The data set could contain any other columns.
Below is a subset of the simulated new exposures simdata.csv in the example:
GROUP | CAVE1 | CAVE2 | C |
---|---|---|---|
100 mg QD | 48.26489 | 60.89629 | 1 |
100 mg QD | 172.61230 | 87.19719 | 1 |
100 mg QD | 58.98776 | 85.84614 | 1 |
100 mg QD | 56.19063 | 109.53101 | 1 |
100 mg QD | 104.41777 | 83.96203 | 1 |
100 mg QD | 283.81537 | 75.03528 | 1 |
50 mg QD | 48.47262 | 124.34171 | 0 |
50 mg QD | 32.14167 | 43.52486 | 0 |
50 mg QD | 22.93323 | 33.95415 | 0 |
50 mg QD | 87.91701 | 47.09609 | 0 |
50 mg QD | 57.66175 | 41.51849 | 0 |
50 mg QD | 42.05427 | 46.84531 | 0 |
30 mg QD | 28.30073 | 16.79537 | 0 |
30 mg QD | 28.31021 | 30.03572 | 0 |
30 mg QD | 37.09448 | 35.19235 | 0 |
30 mg QD | 34.85409 | 44.31023 | 0 |
30 mg QD | 17.25611 | 20.07292 | 0 |
30 mg QD | 20.40230 | 23.39462 | 0 |
In this example, each group has 2500 simulated exposures. In practice, the simulated exposures should be a value corresponding to 52 weeks/1 year of the treatment. For the columns in this example:
- “GROUP” is the “Group Label” column. It could be coded in numbers or characters. Levels and Labels can be specified by user in the control script.

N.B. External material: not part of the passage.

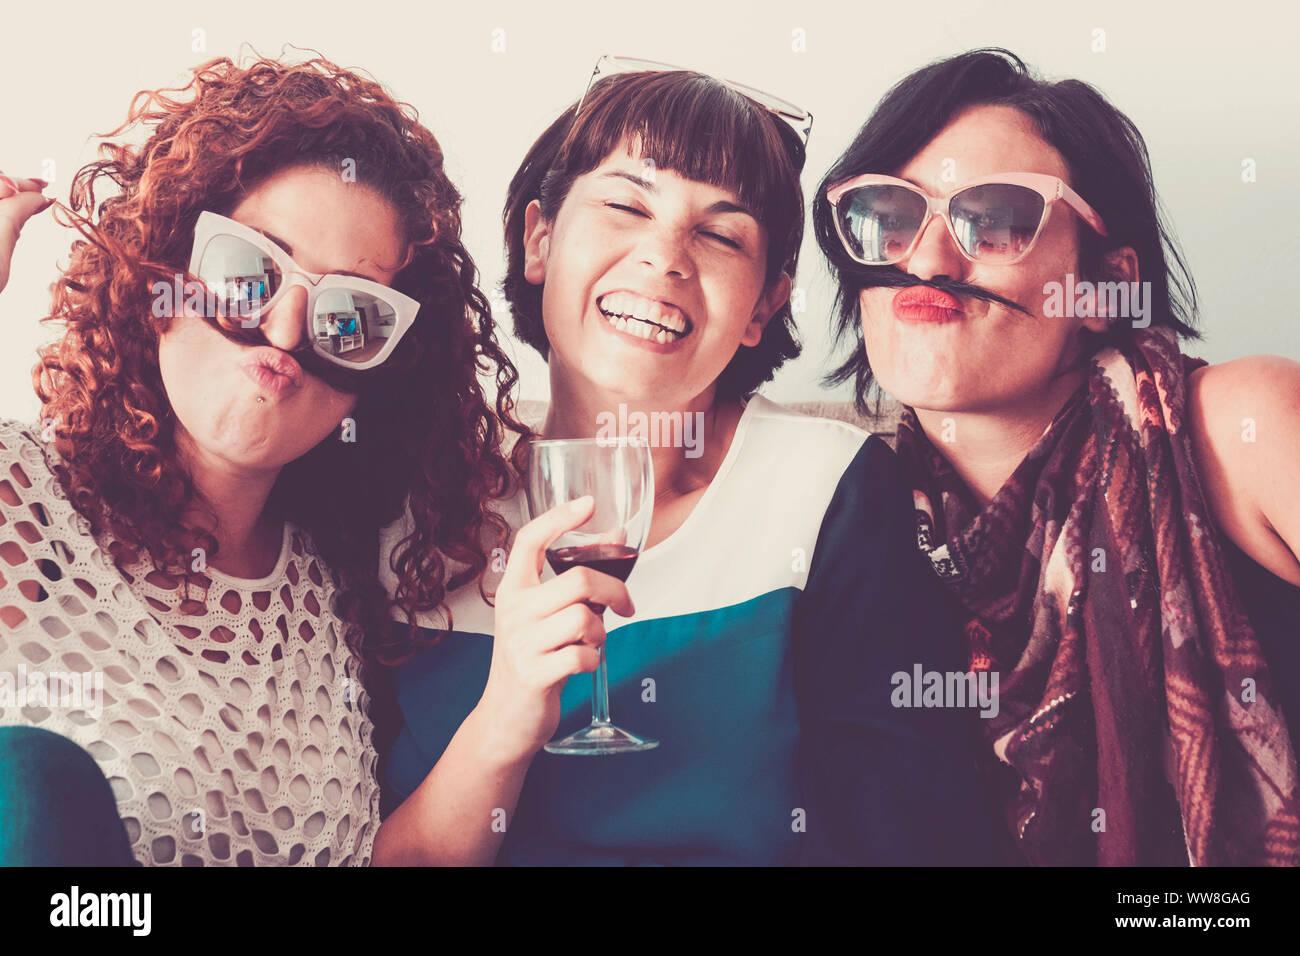 Tres mujeres caucásicas amigos permanecer juntos en la amistad y la locura con pelo como bigote y felicidad relación concepto vintage, lleno de colores y disfrute de actividades de ocio, tiempo de verano, Foto de stock

- “CAVE1” and “CAVE2” are the simulated “New Exposures Metrics.” The exposure column names are not required to be the same as the modeling data set. User can provide the correspondence in the control script.
- “C” is the additional column for filtering the data set. All 100 mg QD rows are with C = 1. User may hide/only show the 100 mg QD group in the prediction result without modifying data set outside.